Task goal:
Keyword search on "Women": report each line of the records that contains it.

Data extract:
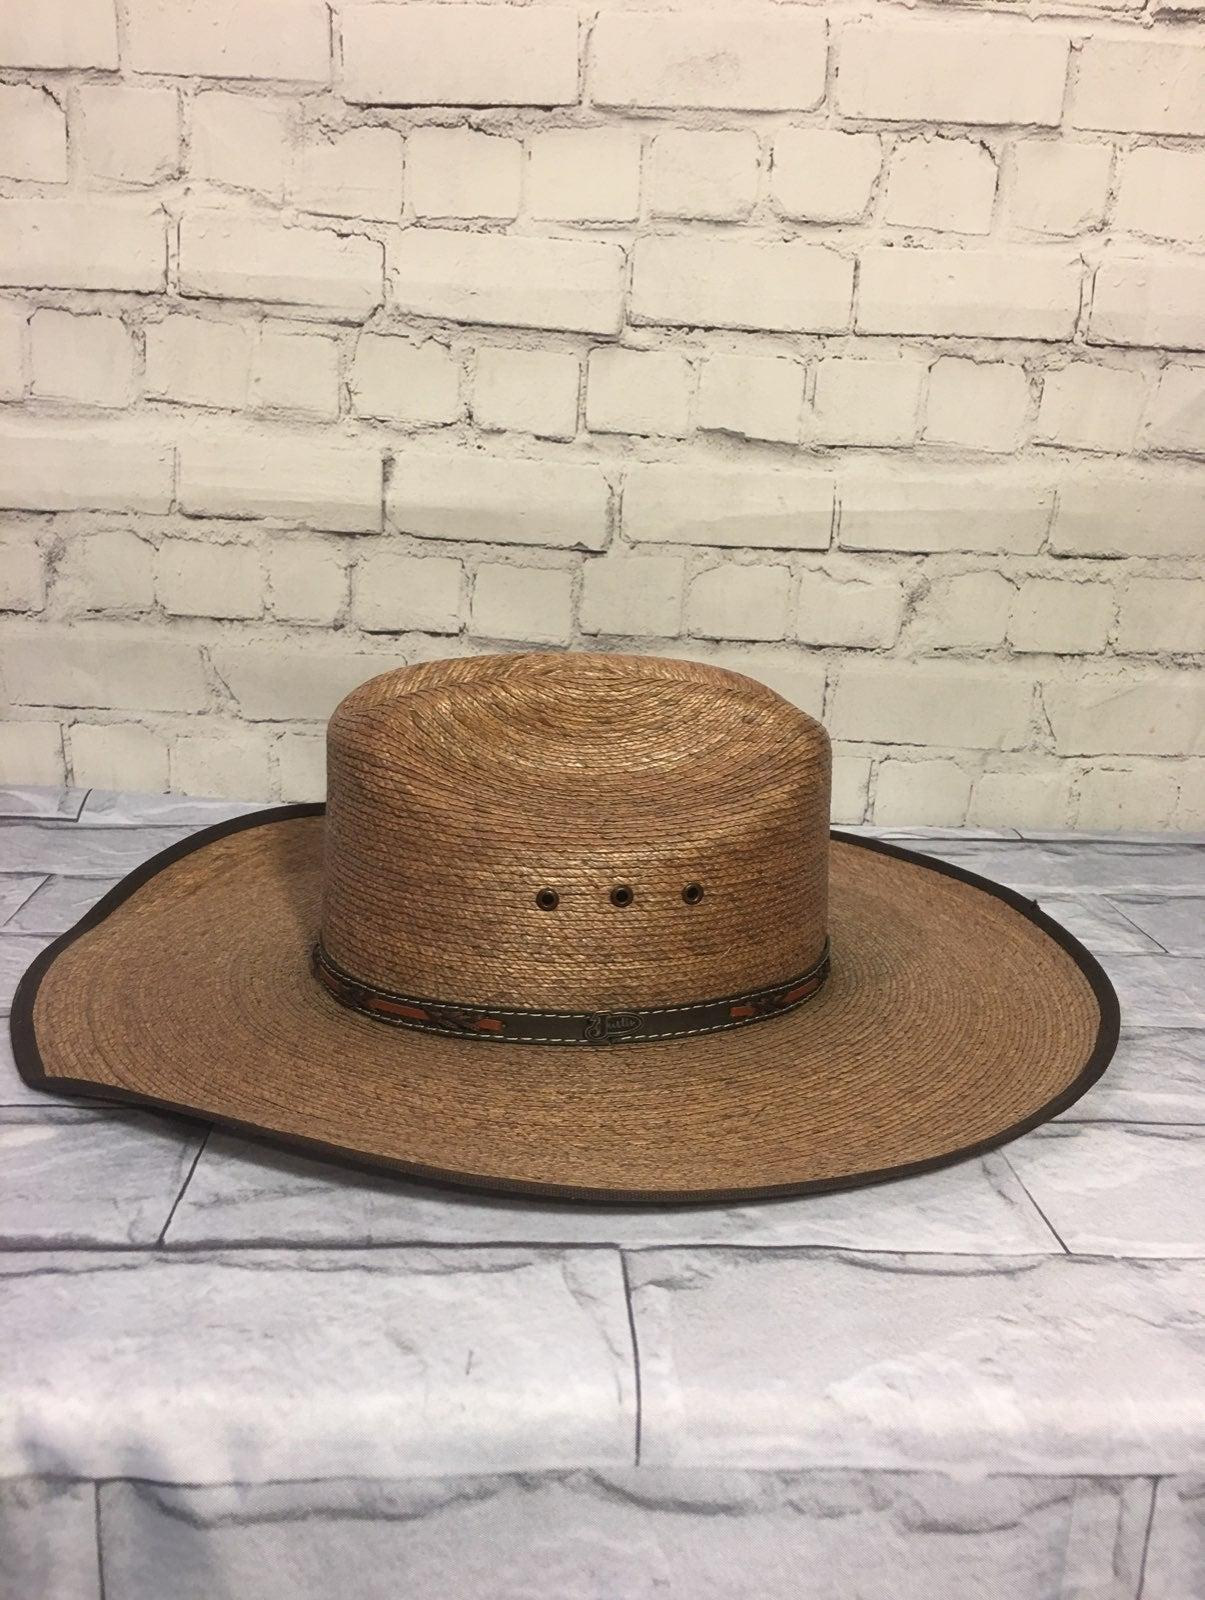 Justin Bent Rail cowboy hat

---

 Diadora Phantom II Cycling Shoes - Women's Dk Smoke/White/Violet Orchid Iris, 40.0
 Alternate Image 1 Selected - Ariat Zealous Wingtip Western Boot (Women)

Response to the task:
 Diadora Phantom II Cycling Shoes - Women's Dk Smoke/White/Violet Orchid Iris, 40.0
 Alternate Image 1 Selected - Ariat Zealous Wingtip Western Boot (Women)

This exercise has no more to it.